At night, looking down on San Francisco from a descending plane, the cars look like little ants going up and down the highways. I got off the plane, took an escalator, elevator, train, car, then another train, then a bike, until finally arriving at some friends’ house in Davis, California, as part of a book tour with Dancing with Dynamite. (I’ll be in Sacramento and all over the Bay Area this coming week. Check out the tour dates and details here.)
On Friday, March 4, I spoke with a crowd of students, teachers and activists at UC Davis, where the flowers are in blossom and there are bike paths snaking throughout the city. People there were particularly interested in discussing the lessons that can be learned from Latin American social movement victories.

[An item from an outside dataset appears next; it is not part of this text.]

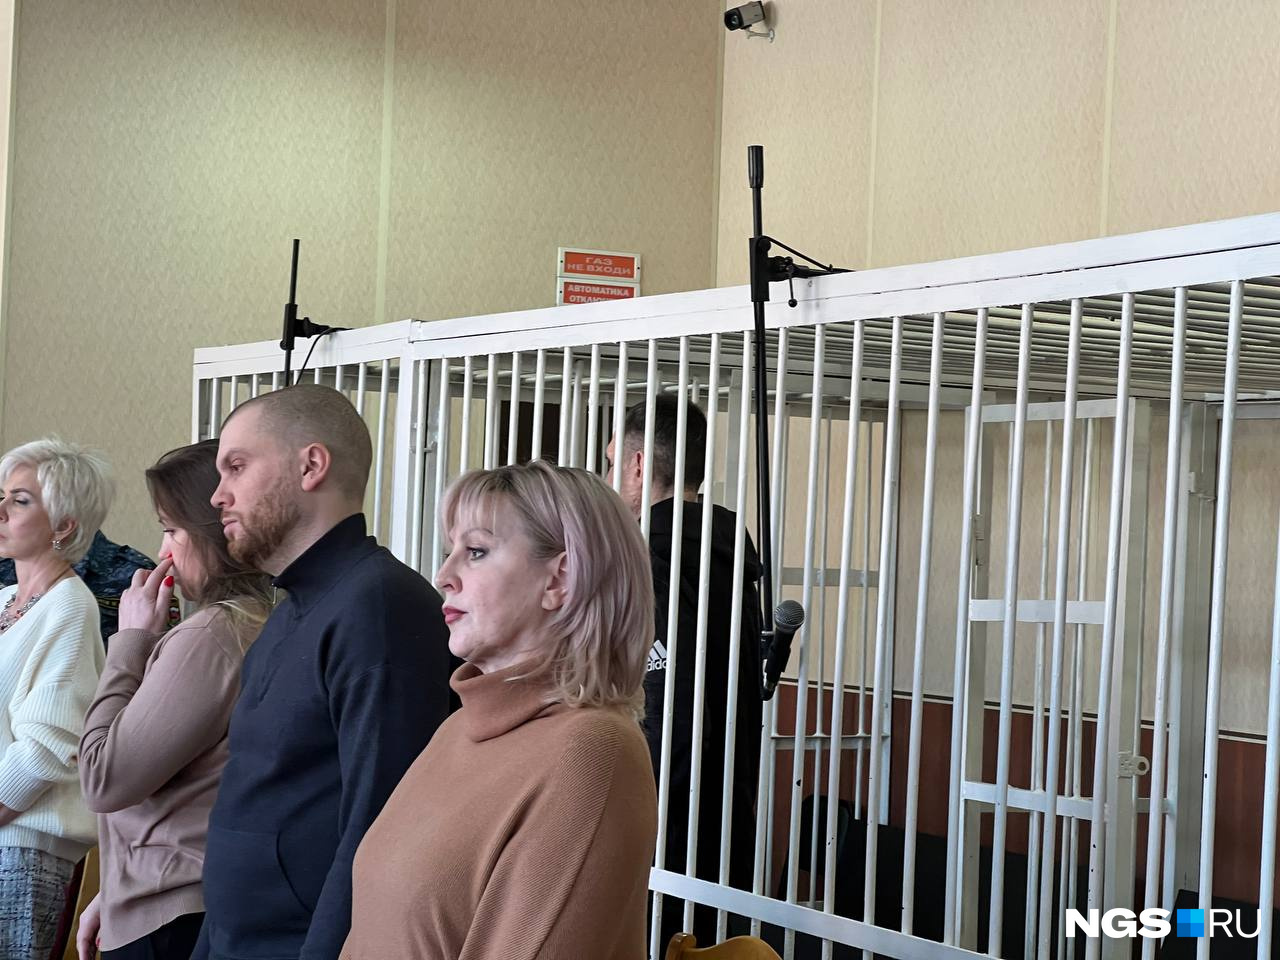 Денис Басов (на заднем плане, в клетке) оказался под стражей из-за того, что очень вольно вел себя под домашним арестом. В итоге он тоже получил условный срок

That same day I went to the Avid Reader in Davis, where some people asked questions about Cuba’s influence in the region, and were impressed with the story of Take Back the Land in Miami, which has been pairing homeless people with foreclosed homes.
Following the bookstore event, I wandered over to a bar with new and old friends from around the hemisphere, where we sat around a fire outside talking about Argentinean rock and bad presidents.
Days earlier on a visit to New Orleans, a guitarist howled the blues in one bar where graffiti in the bathroom lamented the BP oil spill. Another graffiti artist had responded on the ancient walls: “Don’t blame me, I voted for anarchy.”